Gross domestic product per capita – or the average amount produced by every Australian – shrunk by 0.2 per cent in the March quarter, new national accounts data released on Wednesday showed (pictured is Prime Minister Anthony Albanese)
‘With all the uncertainty in the world, any growth is a decent outcome.’
Australia is not in a technical recession, where GDP contracts for two consecutive quarters, but the latest figures reflect an entrenched malaise in the economy.
The 1.3 per cent annual growth pace is well below the long-run average of three per cent, despite Australia pump priming the economy with rapid population growth to drive economic activity and consumer spending.
‘This risk has been exacerbated by global uncertainties relating to US trade policy which has weighed on confidence and the willingness to invest and spend,’ Mr Bustamante said.
‘Without a material pick-up in private demand the economy could be set for a period of subdued growth.’
Oxford Economics lead economist Ben Udy said weak economic activity could see the Reserve Bank cut interest rates again on July 8, even though June quarter inflation data isn’t due for release until the end of next month.
‘The RBA will be watching closely for further signs that the weakness in activity – if that evidence continues to rack up, the RBA may opt to cut rates again in July, a little sooner than our current forecasts suggest,’ he said.

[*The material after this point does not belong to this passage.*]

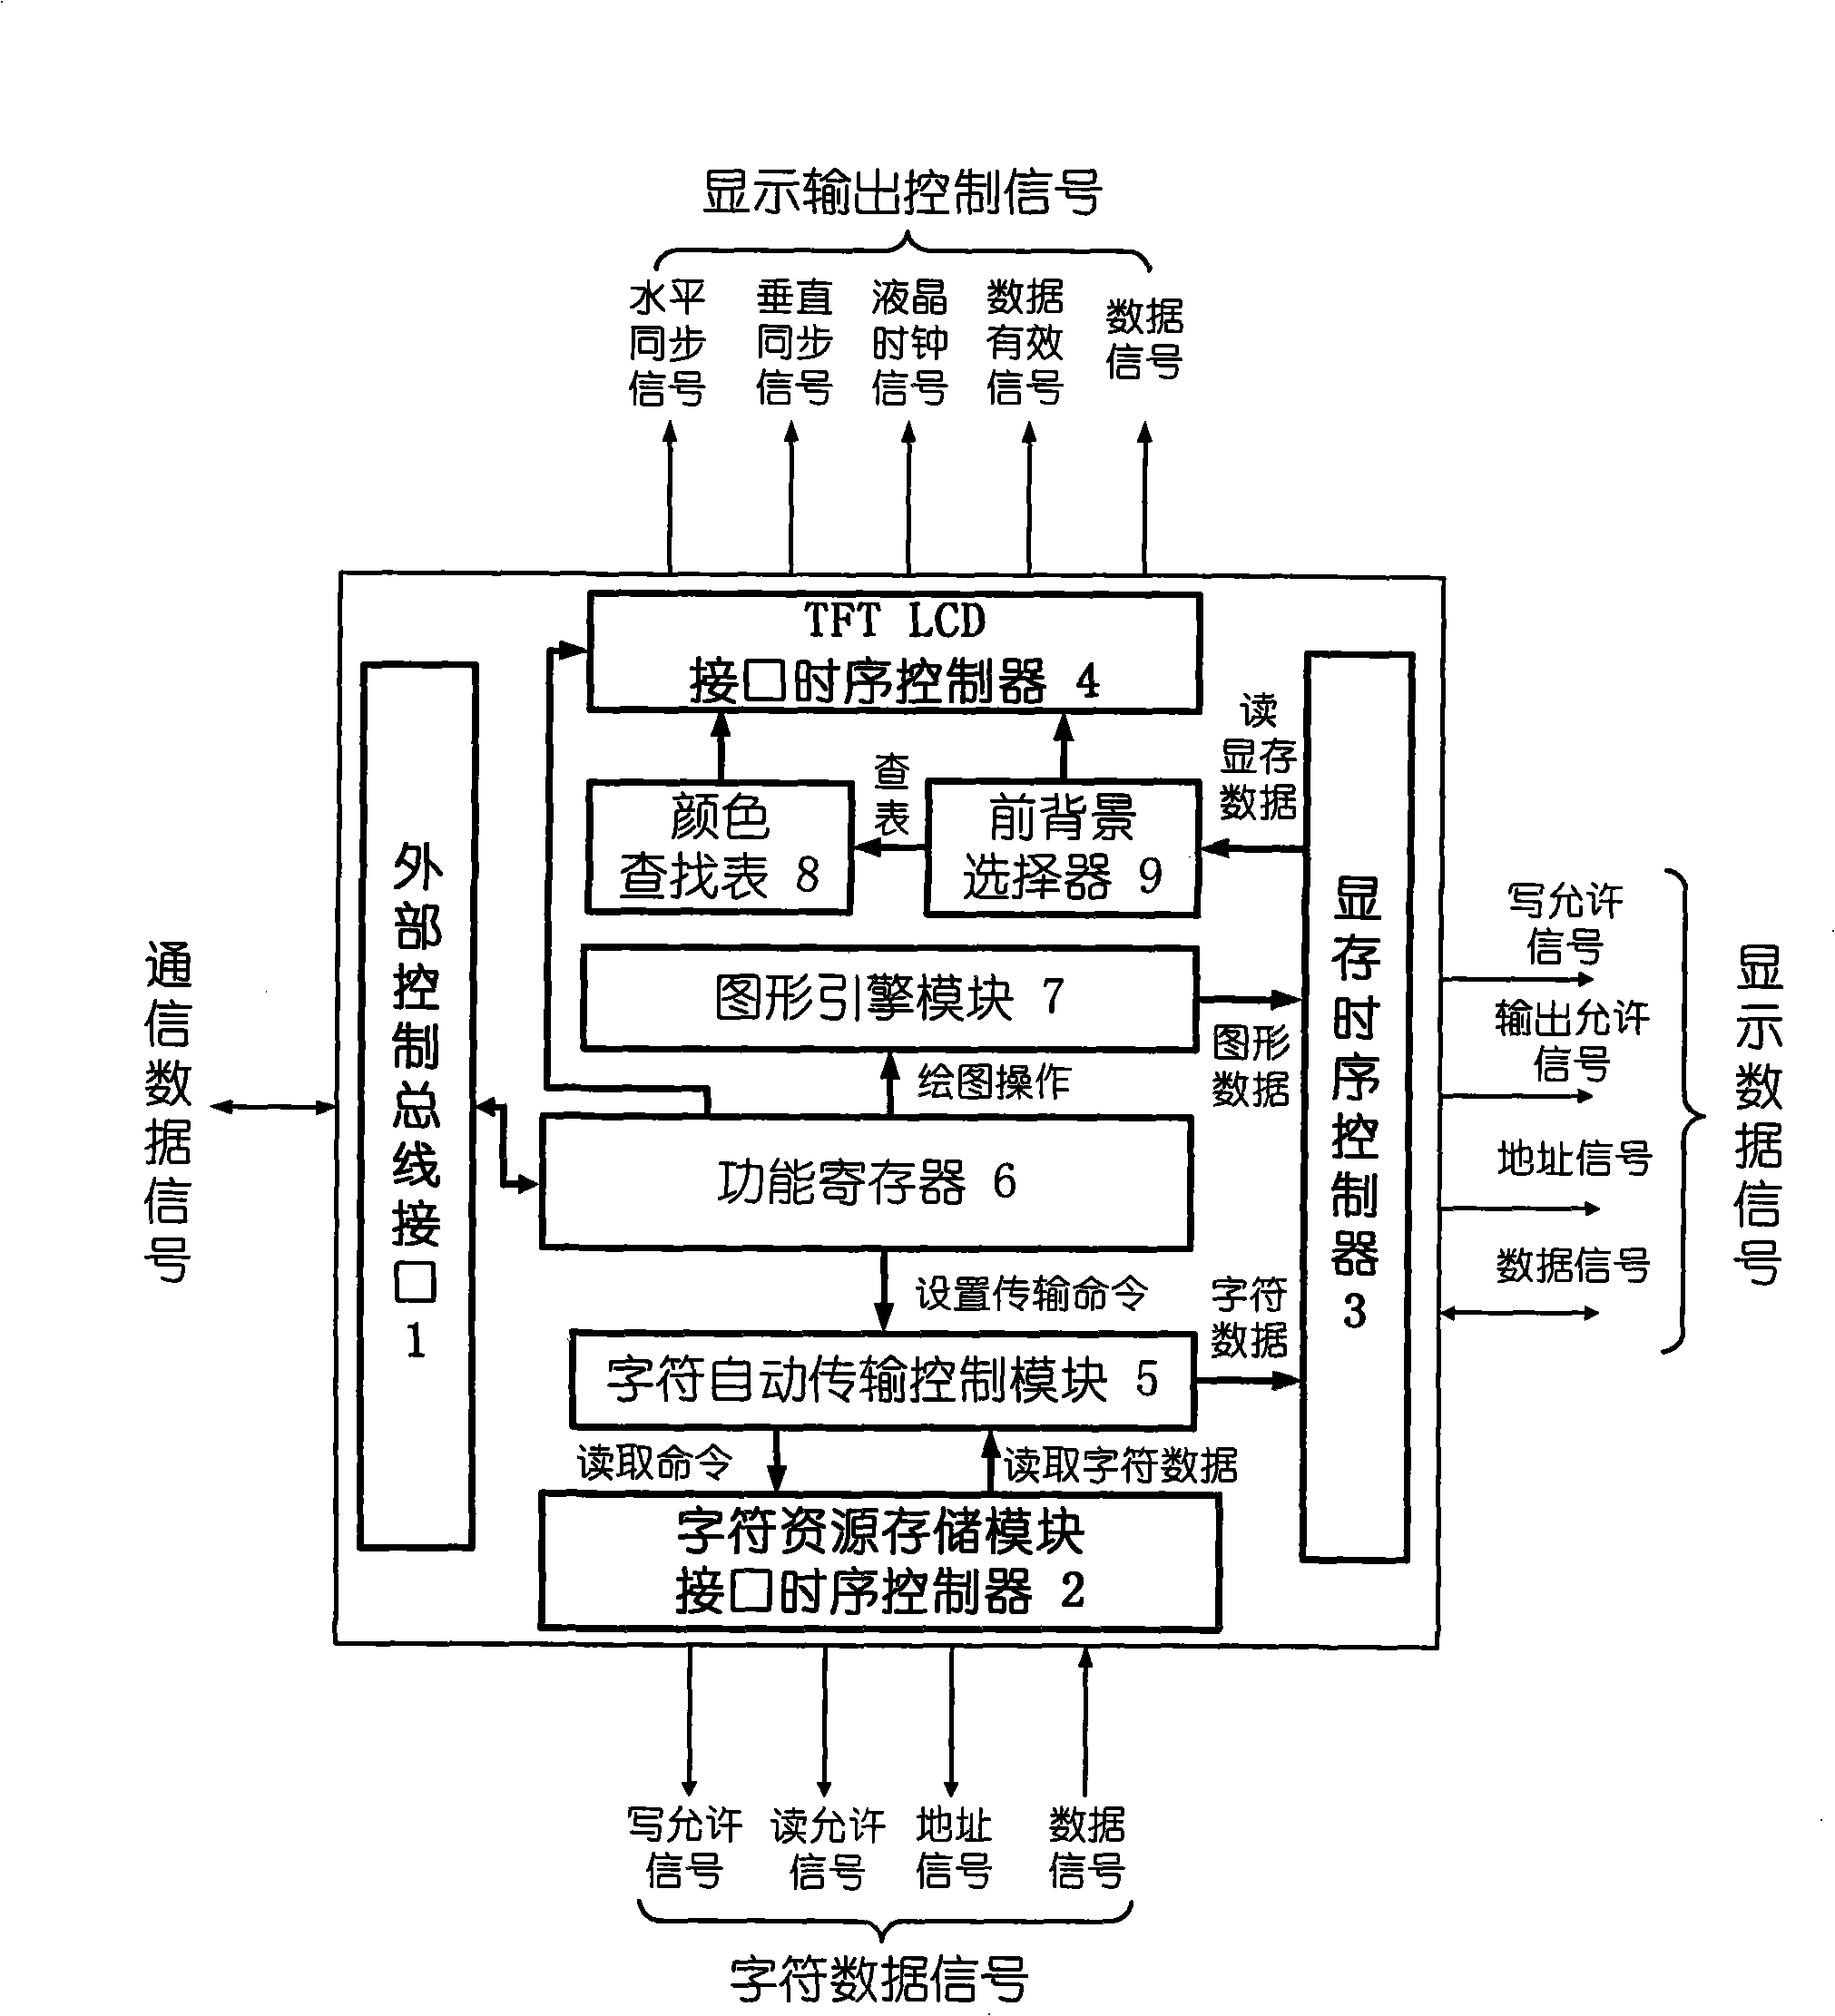 LCD graphical display controller and control method

The futures market sees the Reserve Bank cutting interest rates three more times, from an existing level of 3.85 per cent, following relief in May, to 3.1 per cent by the end of 2025.
Treasurer Jim Chalmers tried blaming overseas factors, as Donald Trump’s (pictured) tariffs hamper global growth
This would take the cash rate back to where it was in February 2023, following eight interest rate rises in 2022.
‘The economy needs much more monetary easing, especially now the threat of inflation is easing and the Trump Administration’s initial policy impact on the global economy has not even fully shown up in the economic data,’ Ms Murphy said.
‘Had the Reserve Bank been able to observe the softness of the economy and the fall in inflation in the March quarter, it is likely the interest rate cutting cycle would have started sooner.’
Australia’s weaker economic activity also coincided with state governments scaling back their spending, with Queensland’s $1,000 annual electricity rebates expiring at the end of June.
This meant government spending was flat after nine consecutive quarters of growth.
Household consumer spending was one of the few areas where spending grew, with the Australian Bureau of Statistics noting this occurred as a result of the federal government’s $75 quarterly electricity rebates – adding up to $300 a year until the end of 2025.
Essential spending rose 0.4 per cent, thanks to a 10.2 per cent increase in electricity, and gas expenditure ‘from increased demand for electricity usage due to warmer than average summer conditions as well as reduced electricity bill relief payments to households’.